● **Supplied information**:

■ ■ ■ ■

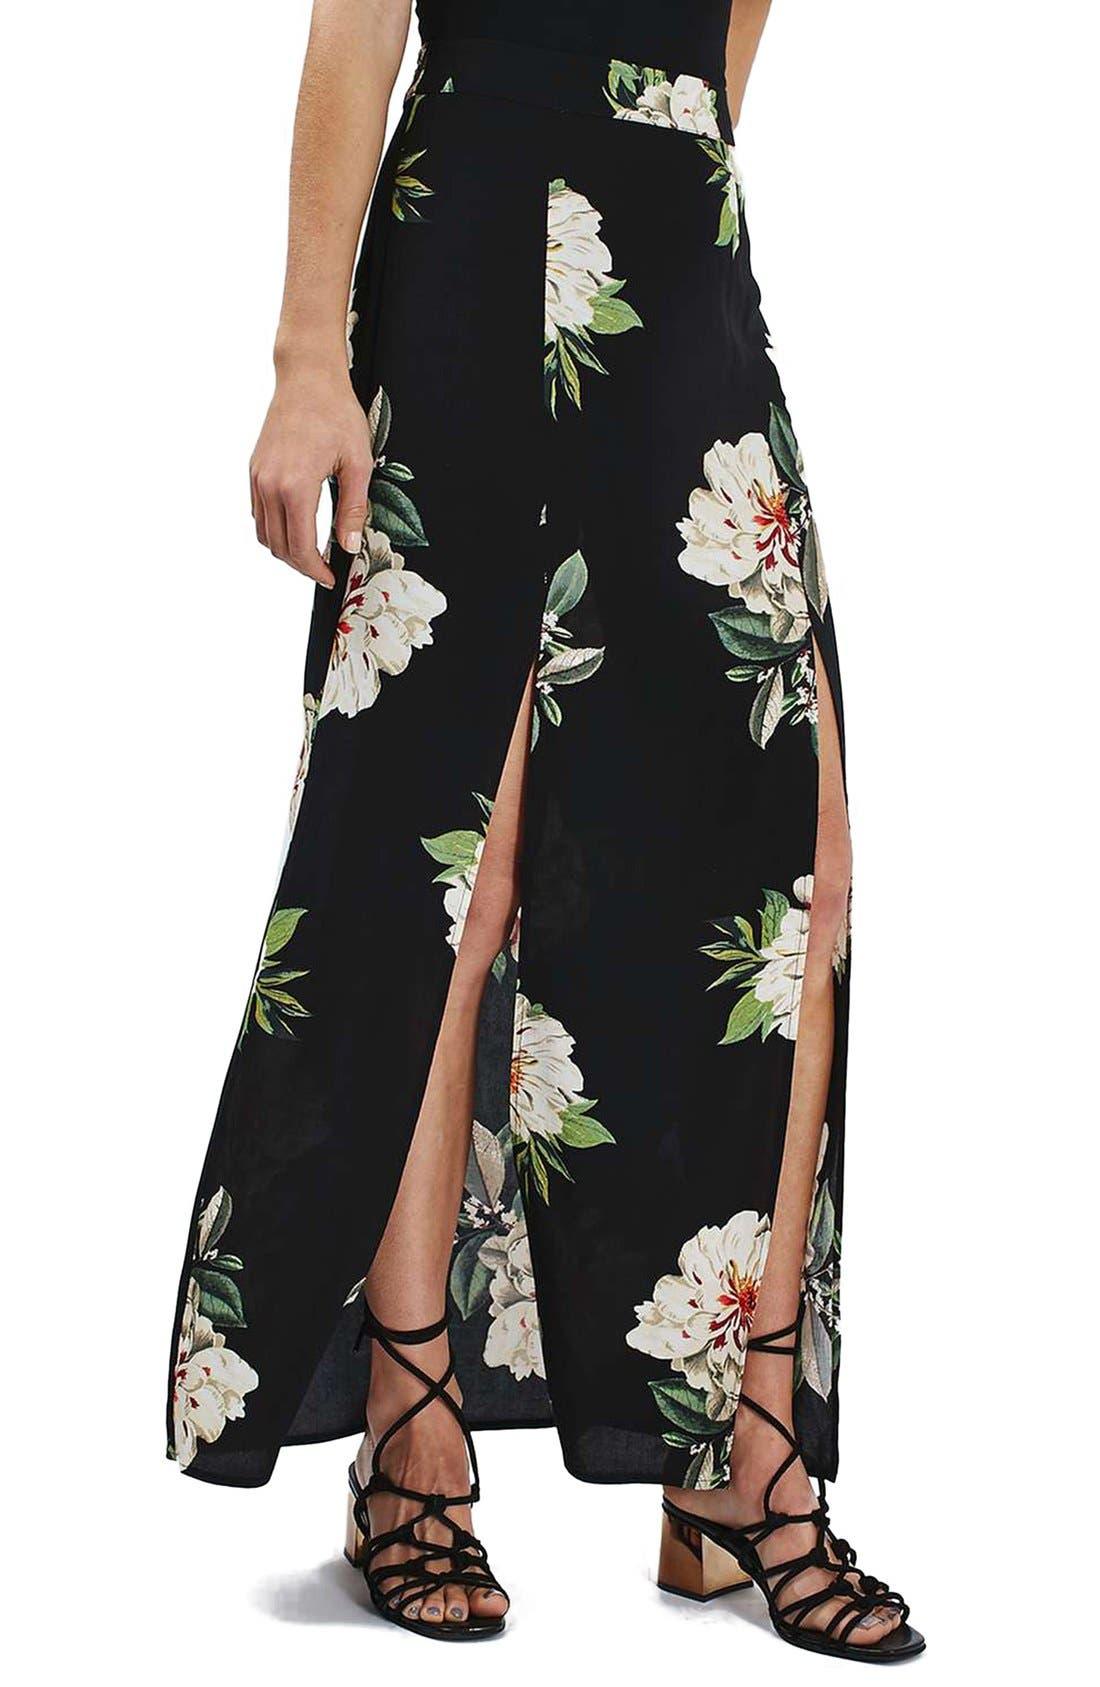 Alternate Image 1 Selected - Topshop Floral Print Maxi Skirt
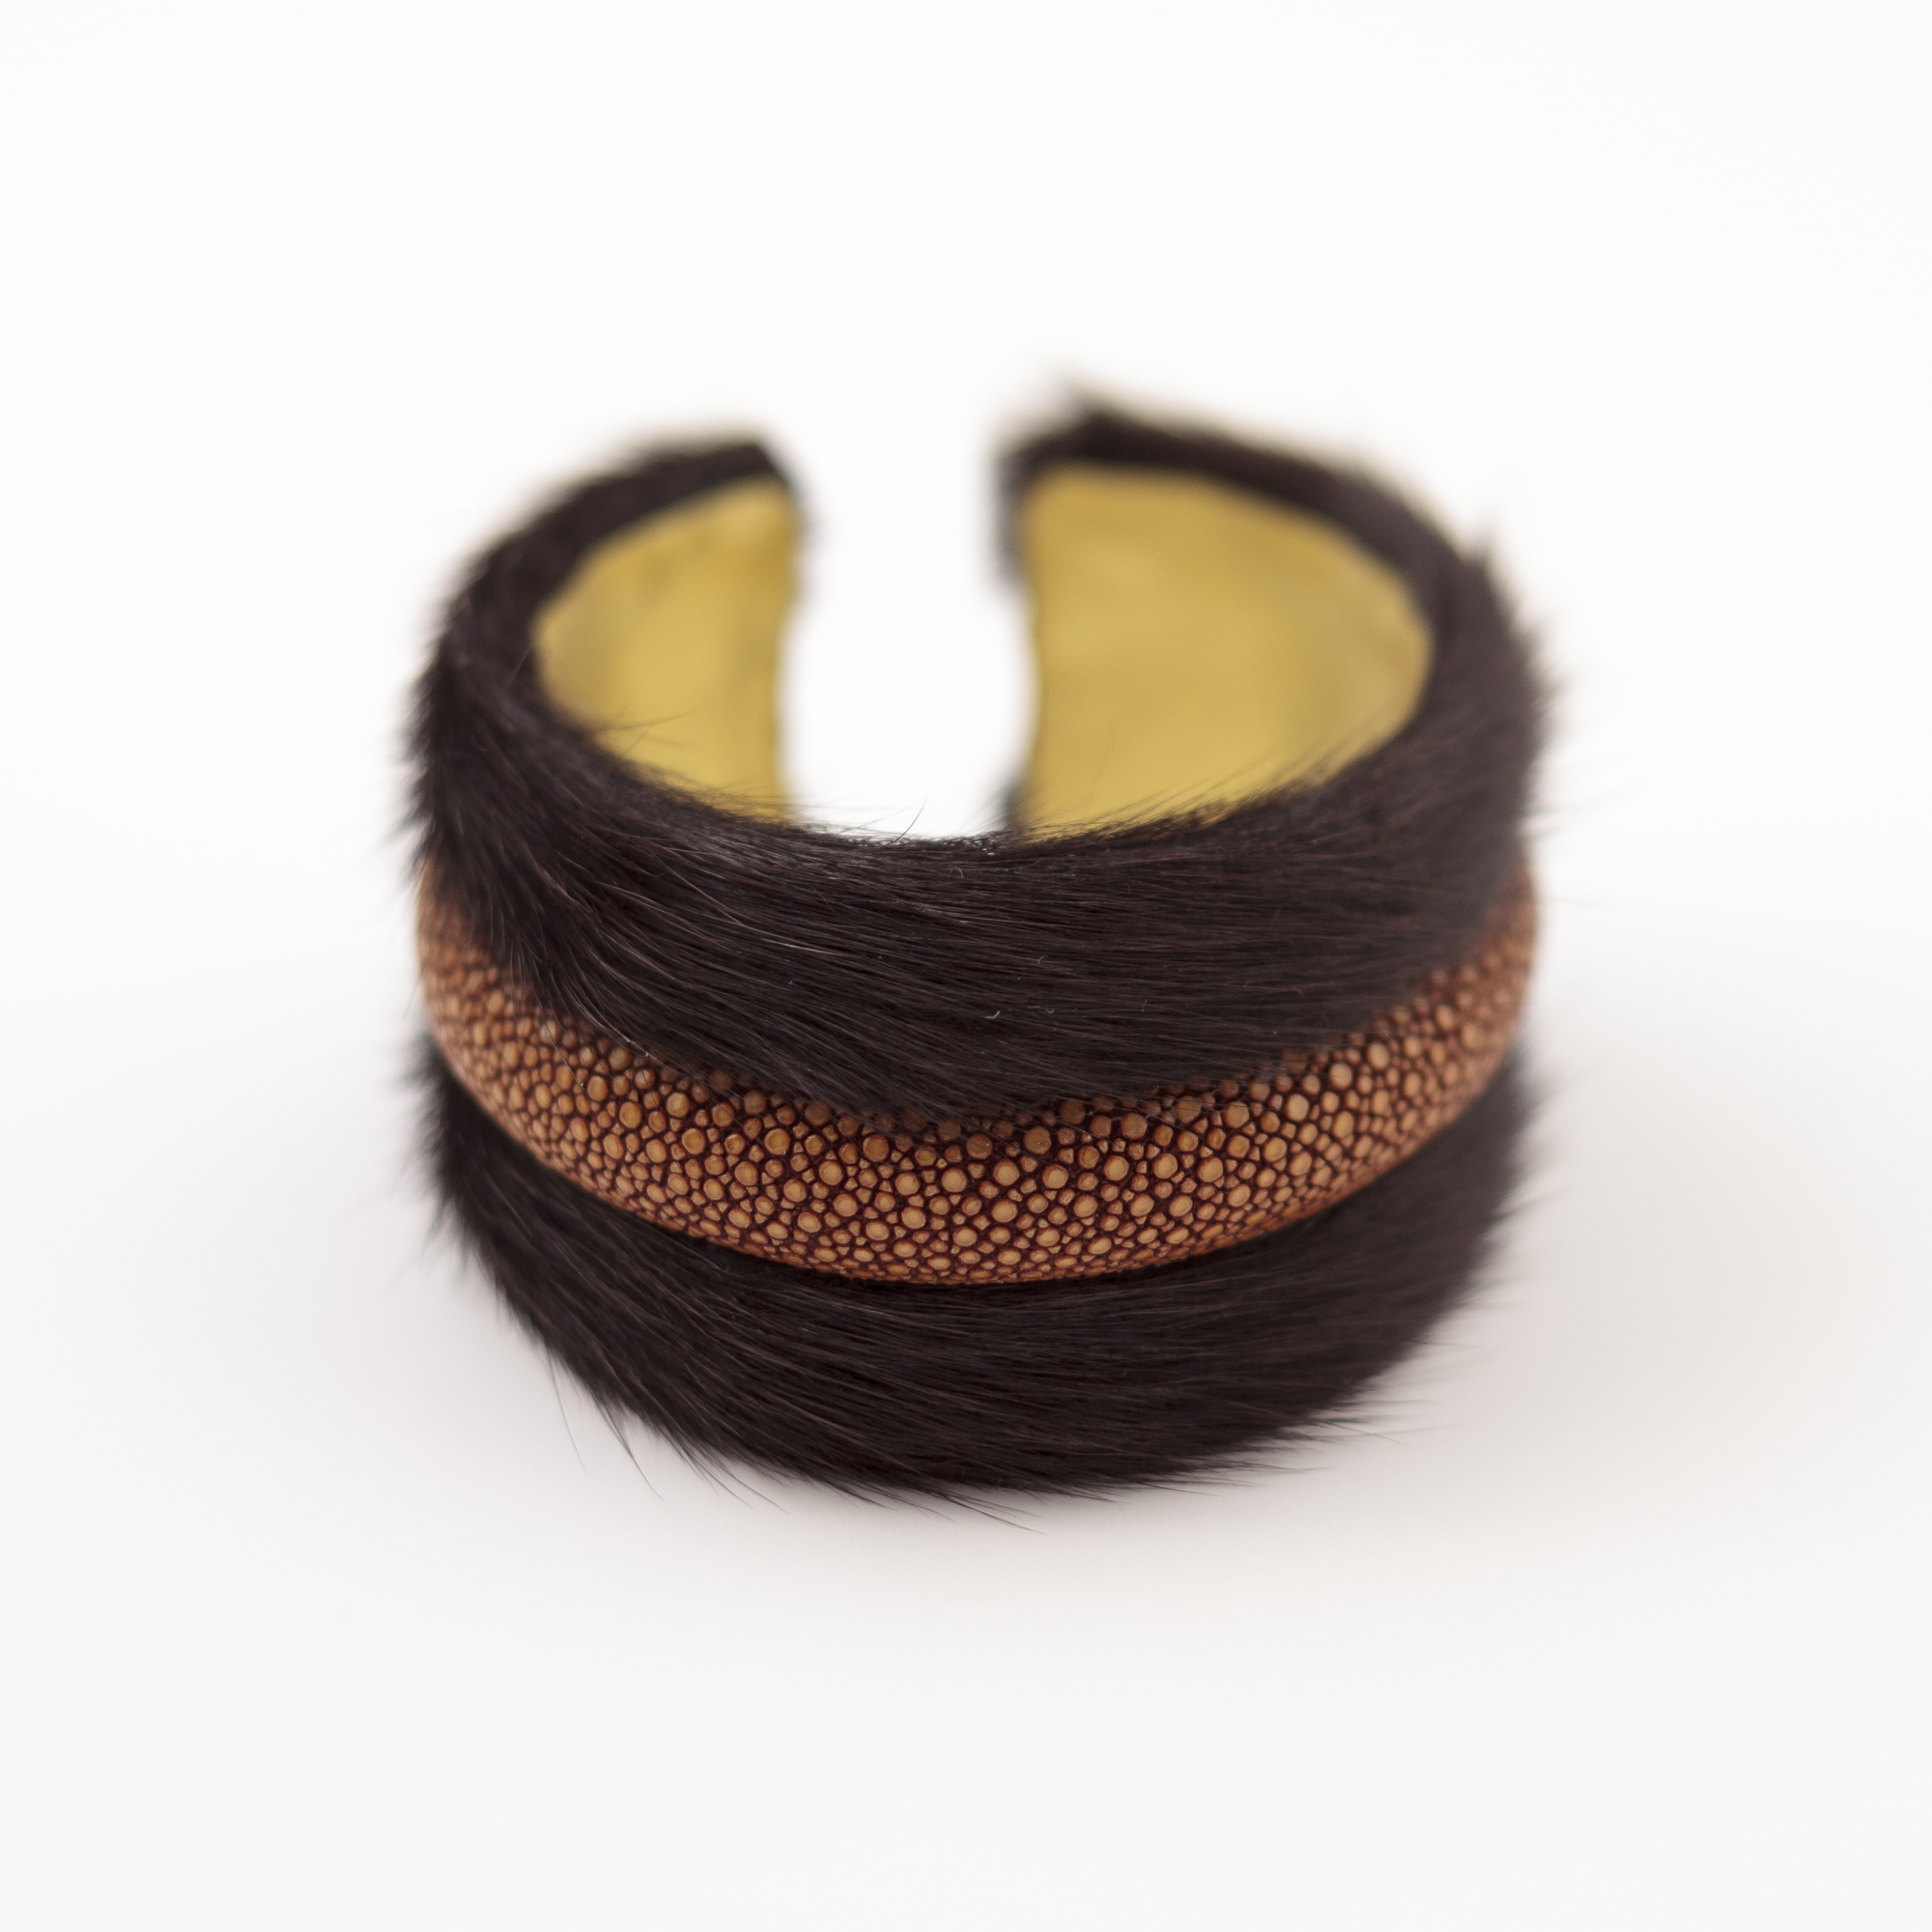 tresor-by-flore-galuchat-bracelet-poilu-brun-moutarde
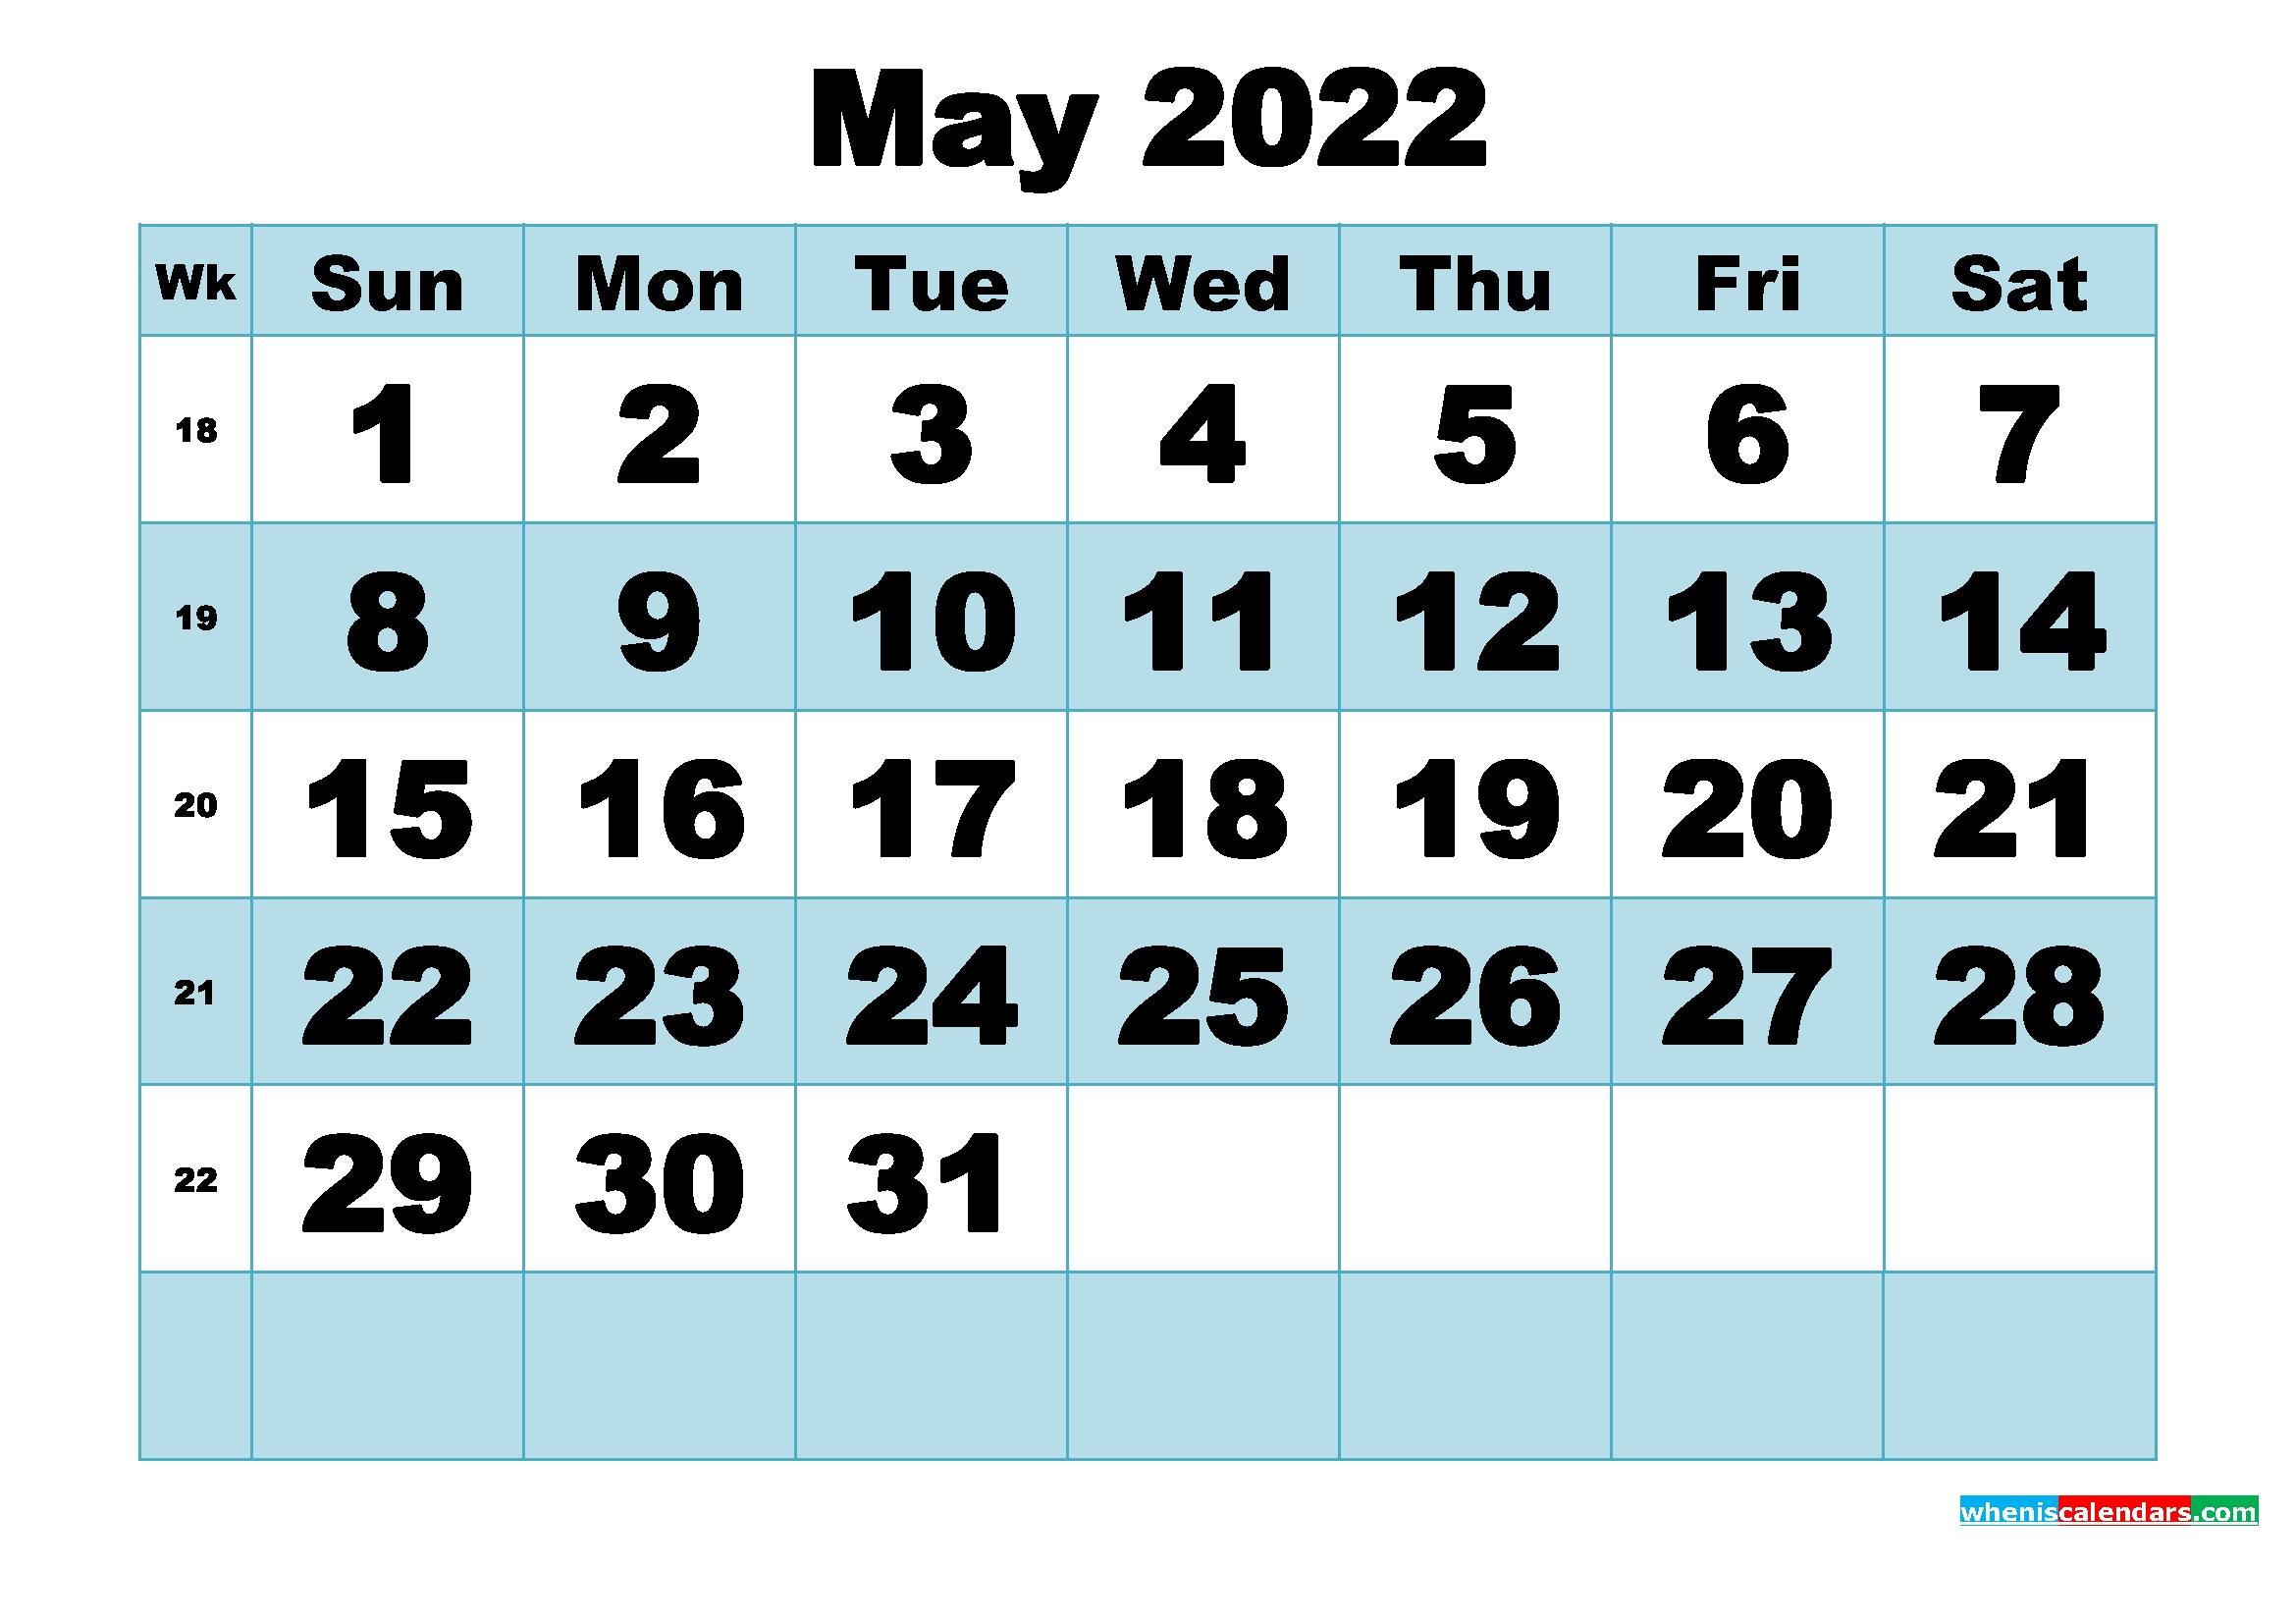 Free Printable May 2022 Calendar Word, Pdf, Image   Free

■ ■ ■ ■

● **Problem details**: Give back the material above word for word; no picture belongs in it.

● **Exercise solution**:
 Alternate Image 1 Selected - Topshop Floral Print Maxi Skirt
 tresor-by-flore-galuchat-bracelet-poilu-brun-moutarde
 Free Printable May 2022 Calendar Word, Pdf, Image   Free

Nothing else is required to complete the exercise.